Magnesium is required for protein synthesis, contractibility of muscle, excitability of nerves, a co-factor in a plethora of enzyme functions and is essential for the normal metabolism of potassium and calcium. The RDA for diet supplement magnesium is 350mg daily for adult males. However, this is believed to possibly be a low estimate.

Research & History

Astonishing amount of research has been done implicating long term magnesium deficiency in many diseases.

Back in 1915, a French surgeon, Prof. Pierre Delbet, M.D., performed a lot of "in vitro" [in test tube] and "in vivo" [in life] experiments with this solution and he became aware that it was good not only for external applications, but it was also a powerful immuno-stimulant and a tonic effect if taken by injections or even by mouth. He obtained very good results in: colitis, angiocholitis, cholecystitis, in the digestive apparatus; Parkinson's Disease, senile tremors and muscular cramps, in the nervous system, acne, eczema, psoriasis, warts, itch of various origins and chilblains, in the skin. There was a strengthening of hair and nails, a good effect on diseases typical of the aged (impotency, prostatic hypertrophy, cerebral and circulatory troubles) and on diseases of allergic origin (hay-fever, asthma, urticaria, and anaphylactic reactions). Epidemiological studies confirmed Dr. Delbet's views and demonstrated that the regions of soil with richer incidence of magnesium had less cancer, and vice versa.

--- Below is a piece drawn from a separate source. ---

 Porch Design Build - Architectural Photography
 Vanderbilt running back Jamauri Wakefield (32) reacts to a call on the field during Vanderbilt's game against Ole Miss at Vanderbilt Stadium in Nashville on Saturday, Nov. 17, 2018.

Prof. Delbert wrote two books, Politique Preventive du Cancer (1944) and L'Agriculture et la Sante' (1945), which are well documented reports of all his studies on Magnesium Chloride on cancer prevention, diphtheria pharyngitis, tonsillitis, hoarseness, common cold, influenza, asthma, bronchitis, broncho-pneumonia, pulmonary emphysema, "children diseases" (whooping-cough, measles, rubella, mumps, scarlet fever . . ), alimentary and professional poisonings, gastroenteritis, boils, abscesses, erysipelas, whitlow, septic pricks (wounds), puerperal fever and osteomyelitis (acute or chronic inflammatory process of the bone).

More recent research

Studies have clearly shown beyond any mathematical or statistical contestation that magnesium ingestion is the source of rapid increase of calcium and phosphorus, and that this occurs within a few days when given in overdose.

Studies have further implicated low magnesium levels in migraines, osteoporosis, diabetes, type II (magnesium is thought to influence cellular insulin receptors), Growth failure, Vertigo, Anorexia, Multiple Sclerosis, tremor, arteriosclerosis, rheumatoid arthritis and a number of other conditions too numerous to list here. In 1964, in the laboratories of Institute National de la recherché Agronomique, conducted an experiment with calves in order to demonstrate that the skeleton does not develop at all when the diet is deficient in magnesium. The calcium rate in the blood and muscles becomes too low and tetany results. Eventually death occurs, preceded by convulsions, if the magnesium deficiency is prolonged. Conversely, an overdose of magnesium helps develop the skeleton, hence we see clearly calcium and phophorus increase and a rapid increase in energy and weight. This occurs within a few days.

In 2000, Medi ca Company, Inc, Austria examined the effects of an oral magnesium supplement on brachial artery endothelial function and exercise tolerance in patients with coronary artery diseases. The study showed that oral magnesium supplementation results in a significant improvement in brachial artery endothelial function. The study demonstrated that oral magnesium supplementation is an adjuvant therapy for patients with coronary artery disease.

Magnesium and Cholesterol

Oral Magnesium chloride therapy improves coronary artery disease. Some laboratory and clinical trials have demonstrated that magnesium can reduce total and LDL cholesterol and increase HDL cholesterol. Experimental work has shown hypercoagulability and increased platelet aggregation during hypomagnesemia which contributes to thrombus formation. Magnesium is inversely related to platelet aggregation and ATP release; it can dependently inhibit a wide variety of agonists of platelet aggregation, such as TXA2 and stimulate prostacyclin (PG12) synthesis. Magnesium reduces vulnerability to oxygen-derived free radicals.